La bordure des amandes des serpentinites ou des métagabbros est composée de serpentinites foliées. Ces dernières présentent des structures C-S. La foliation (S) de la serpentinite est régulière. Elle s’atténue en se courbant de part et d’autre d’une partie médiane et est recoupée par une nouvelle surface (C) espacée et discontinue (Figure IV.5a). On notera que la surface C correspond plus précisément à un plan de cisaillement, c’est pour cette raison qu’on la nomme C.

En lame mince, les serpentinites foliées sont composées d’un ensemble d’antigorite, chlorite, trémolite et brucite orienté selon la foliation S (Figure IV.5b). Les teneurs en Al2O3, FeO et Cr2O3 des antigorites sont très hétérogènes ; elles varient respectivement de 0.0 à 2.9 wt%, de 1.8 à 4.7 wt% et de 0 à 1.5 wt%. Les zones de cisaillement C contiennent un assemblage métamorphique à olivine, clinopyroxène et magnétite (Figure IV.5b). L’observation en lumière réfléchie des olivines métamorphiques révèle la présence d’une bordure de quelques microns de composition différente (Figure IV.5c) : le cœur des olivines a un XMg de 0.88-0.89 et des teneurs en NiO et MnO variant de 0.36-0.49 wt% et 0.32-0.41 wt% alors que la périphérie du minéral, associée à de la magnétite en inclusion, a un XMg (0.93-0.94) plus élevé et des teneurs en NiO (0.08-0.14 wt%) et MnO (0.25-0.27 wt%) moins élevées que le cœur. Le clinopyroxène métamorphique a, quant à lui, un XMg de 0.97-0.98 et des teneurs en Al2O3 et Cr2O3 inférieures à 0.1 wt%.

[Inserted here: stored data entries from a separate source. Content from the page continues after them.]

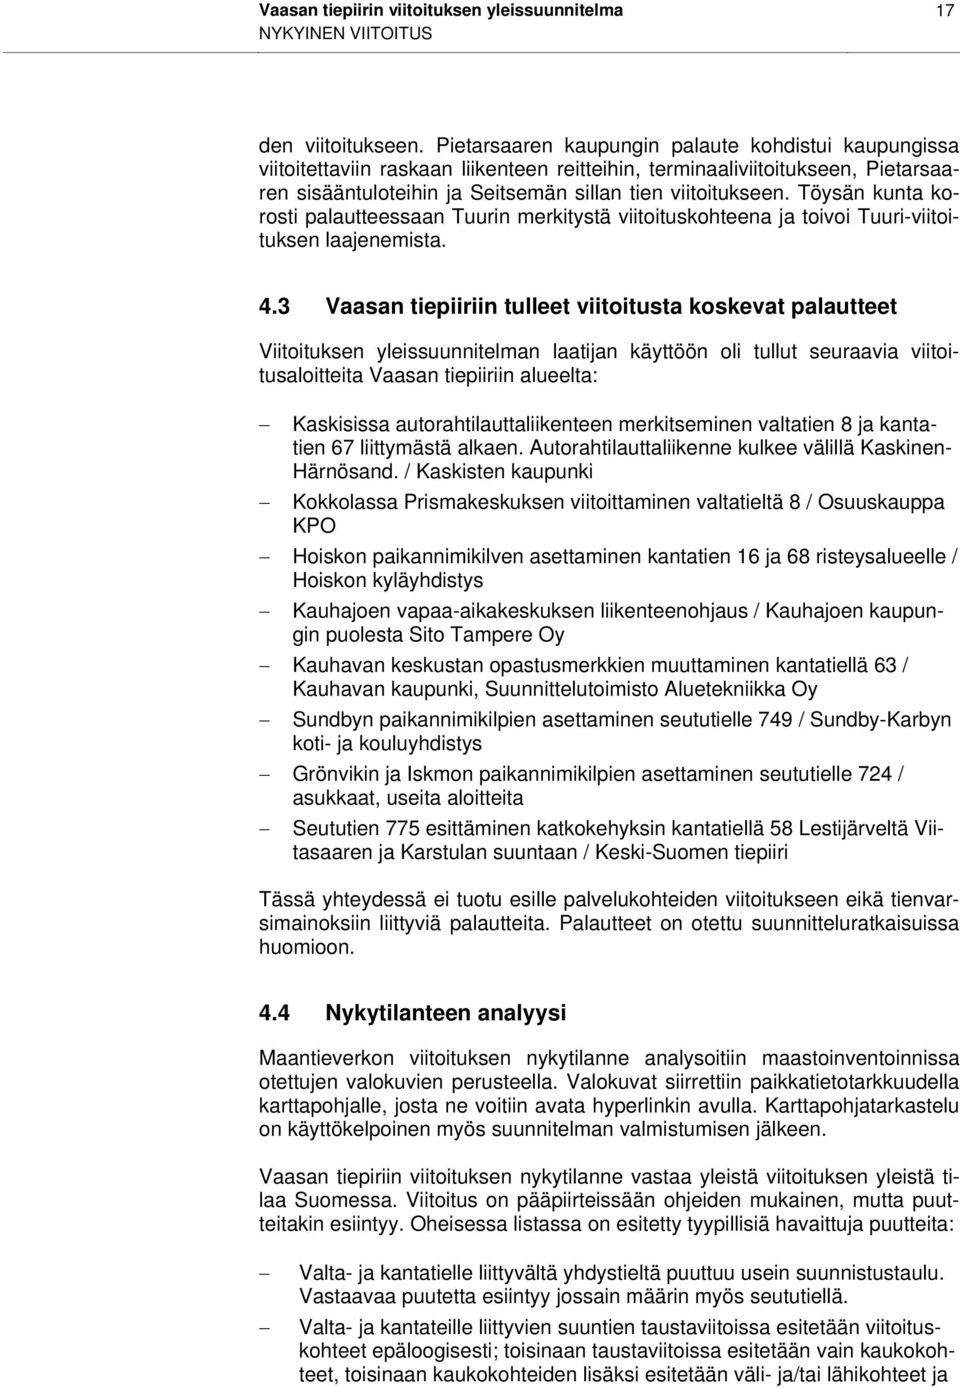 Töysän kunta korosti palautteessaan Tuurin merkitystä viitoituskohteena ja toivoi Tuuri-viitoituksen laajenemista. 4.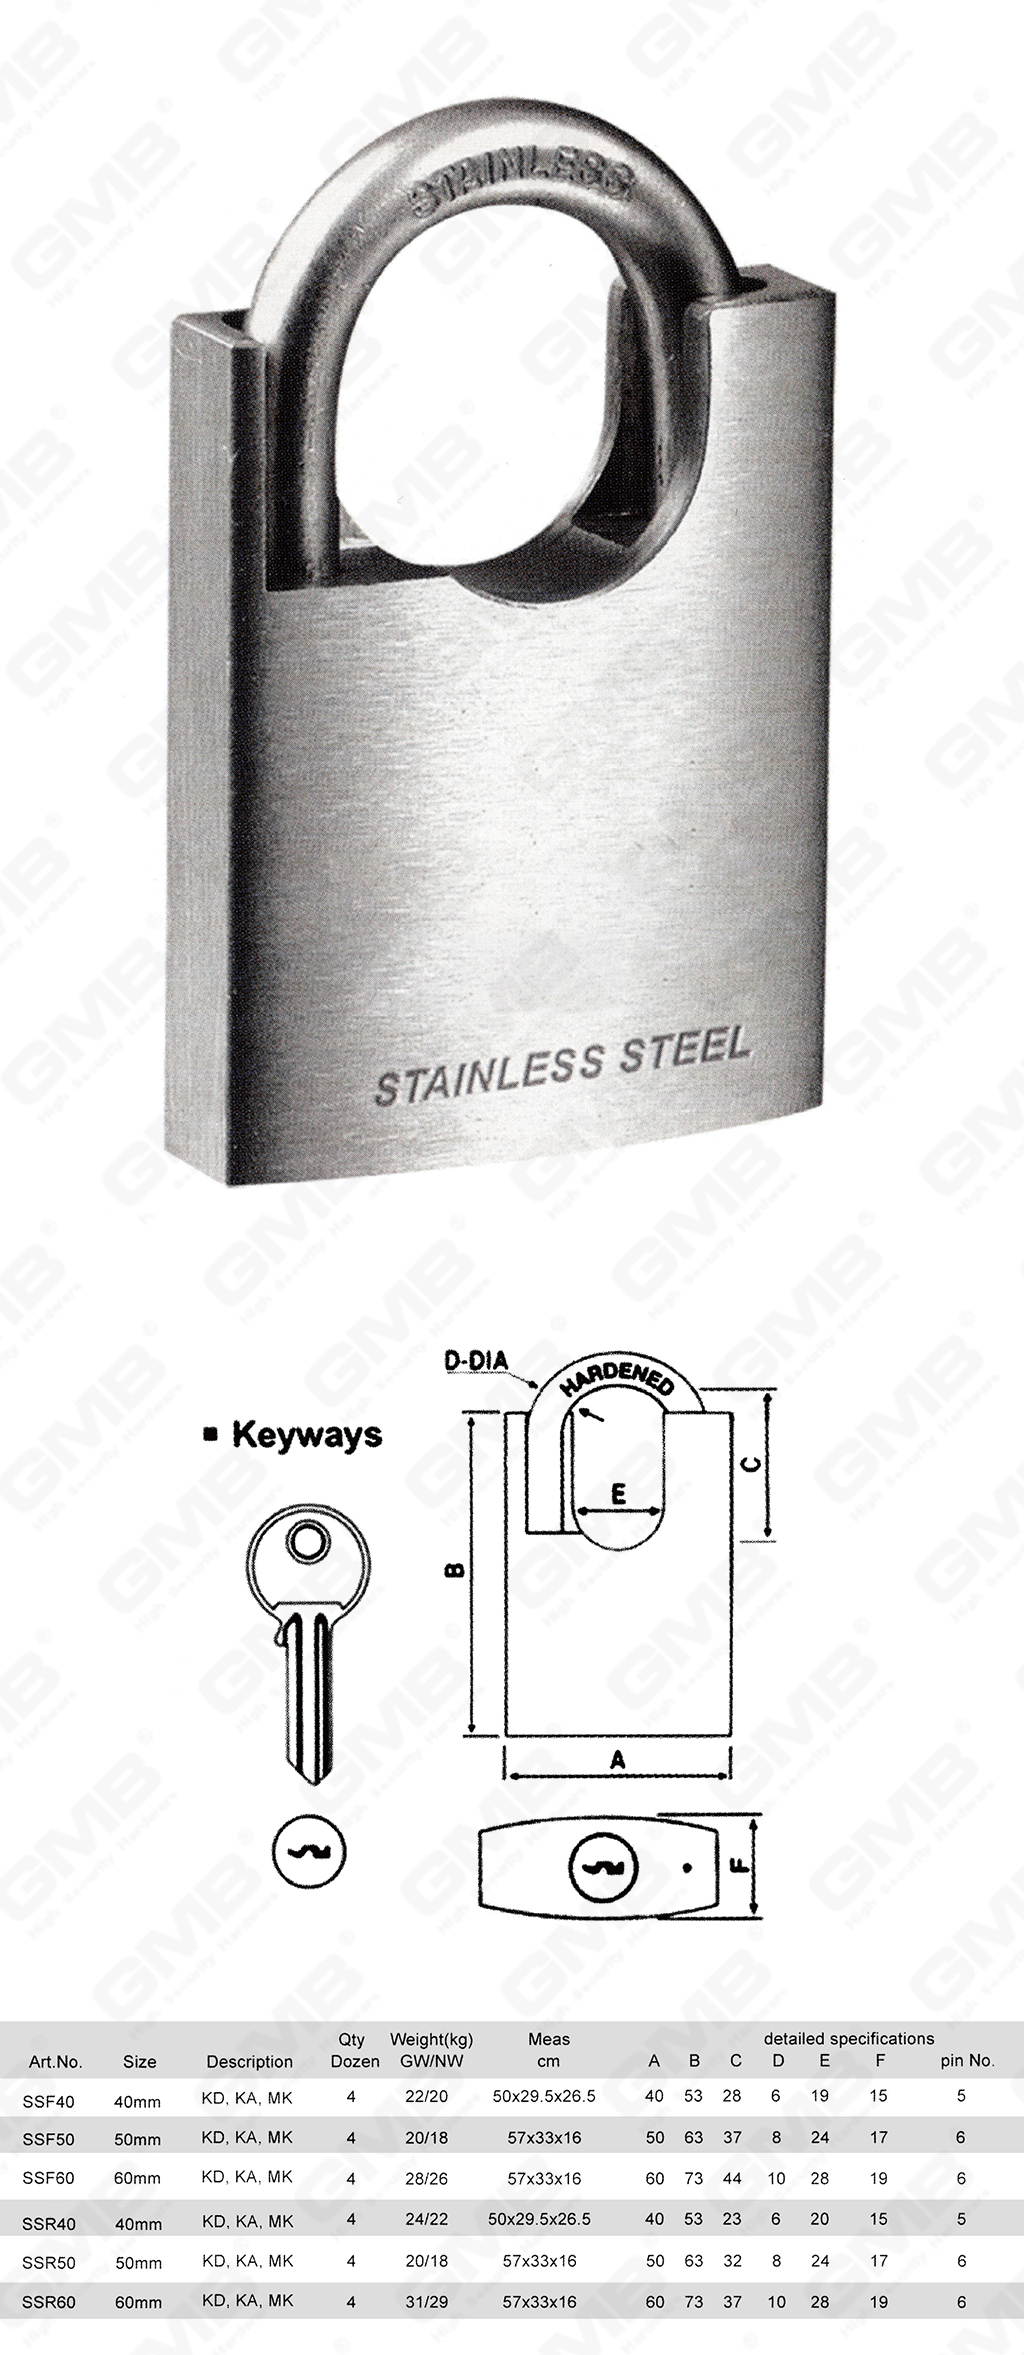 挂锁网站图3_【720】SHACKLE PROTECTED STAINLESS STEEL PADLOCK -64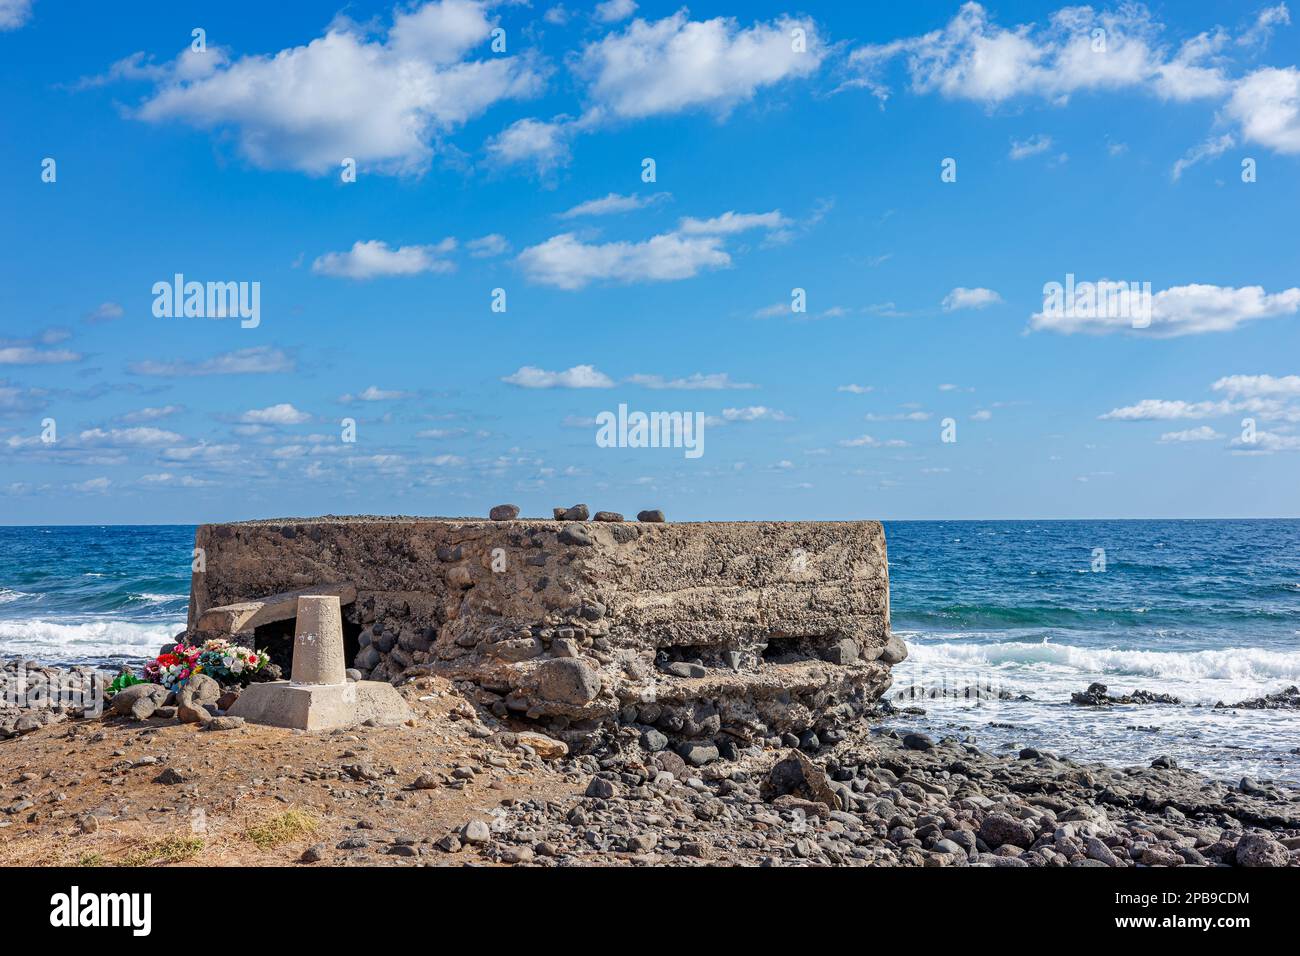 Ruinen in einer ziemlich guten Form eines Kalkofens. Kalk war ein Exportprodukt in der Geschichte der Insel. Hornos de cal de la Hondura, Fuerteventura, Kanarische Inseln Stockfoto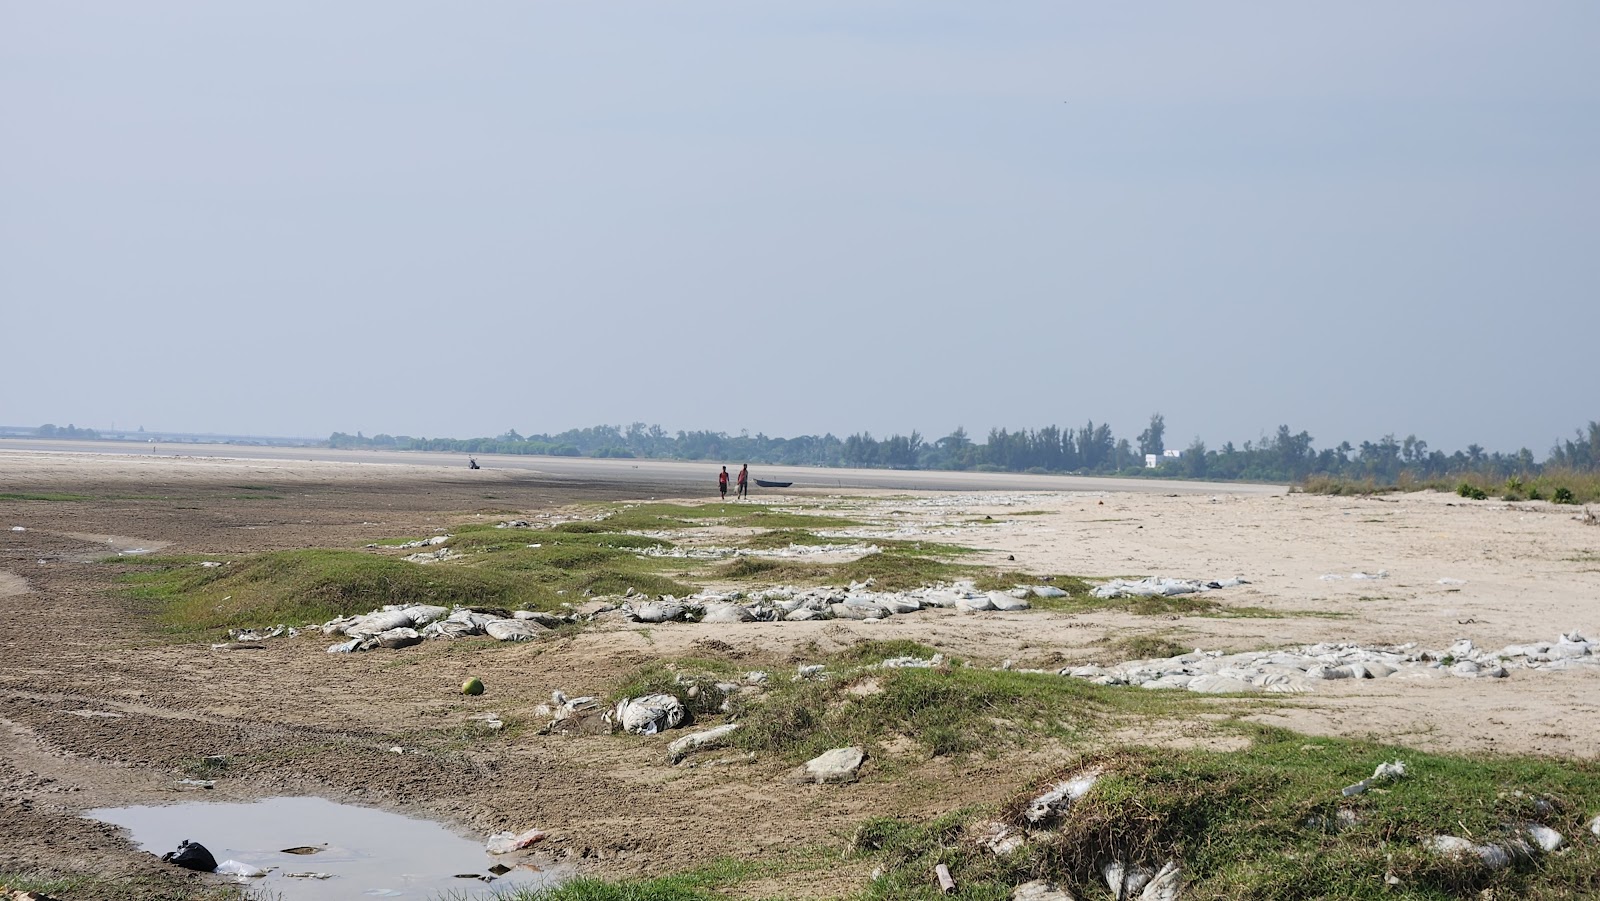 Photo de Boguran Jalpai Sea Beach - endroit populaire parmi les connaisseurs de la détente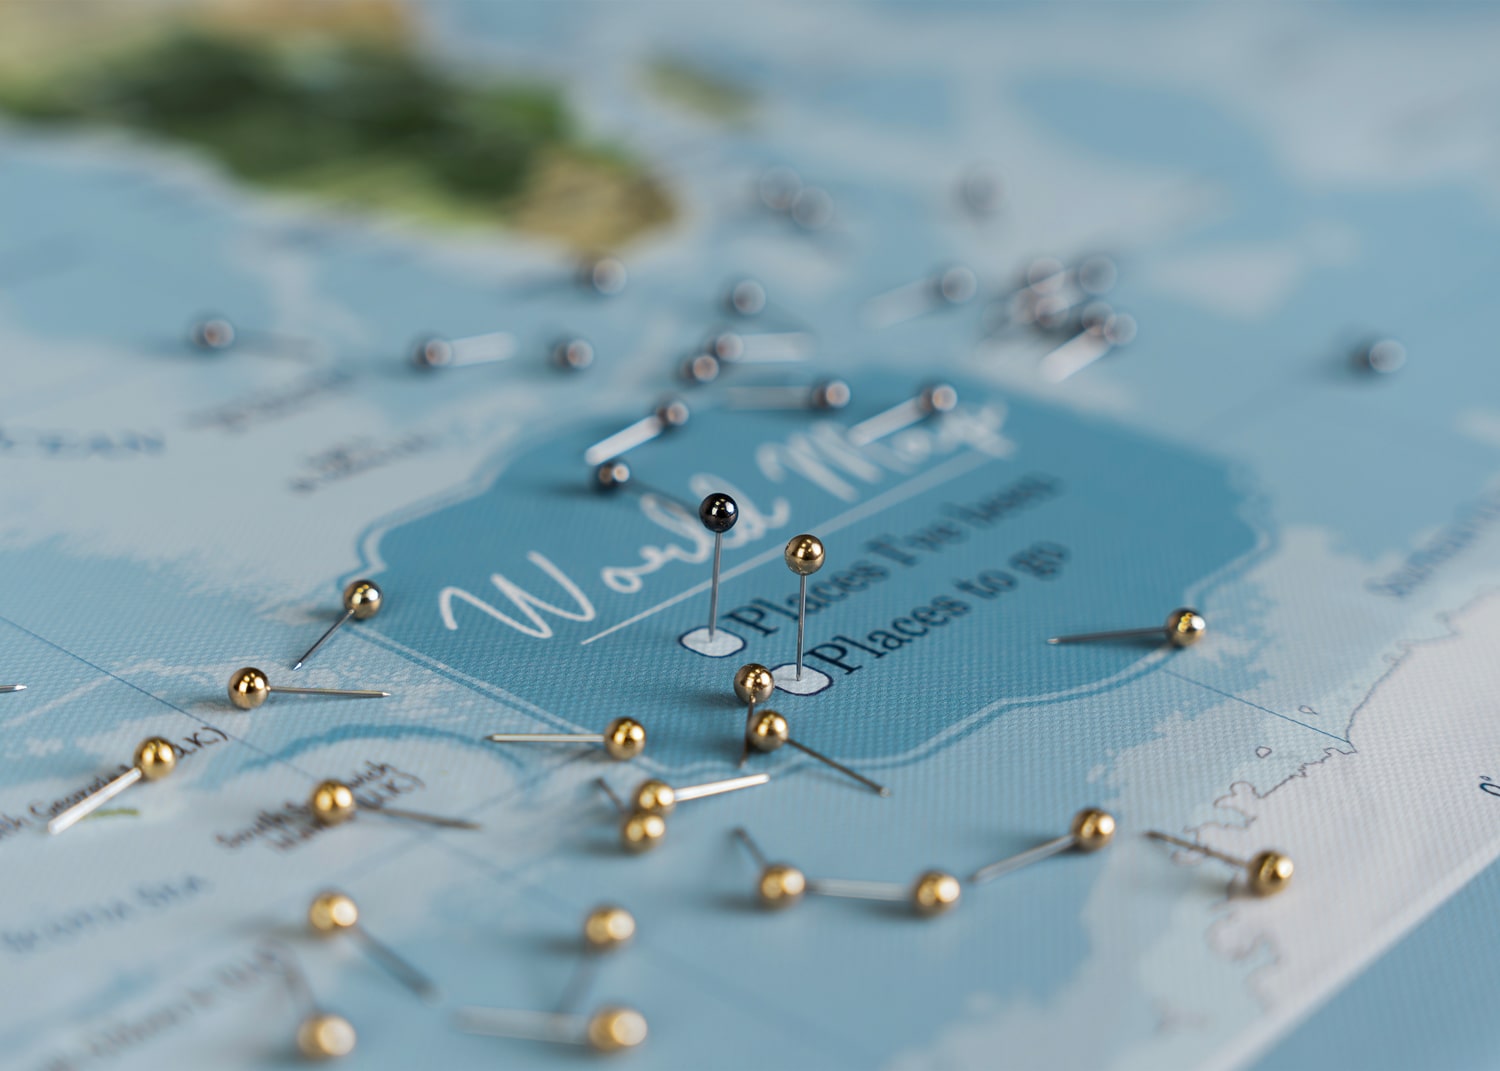 Detailaufnahme einer hellblauen Weltkarte Pinnwand mit goldfarbenen und schwarzen Pins zum Markieren von Reisezielen, eine inspirierende Geschenkidee, um Reiseerlebnisse festzuhalten und zukünftige Reisen zu planen.

Figure IV.5 (a) Serpentinite foliée présentant des structures C-S. (b) Microphotographie en LPA présentant de l’antigorite et de la brucite orientée selon la foliation S et de l’olivine de déserpentinisation orientée selon la surface C. (c) Microphotographie MEB (BSE) montrant une olivine secondaire avec une fine bordure moins riche en Fe que le cœur et associée à de la magnétite.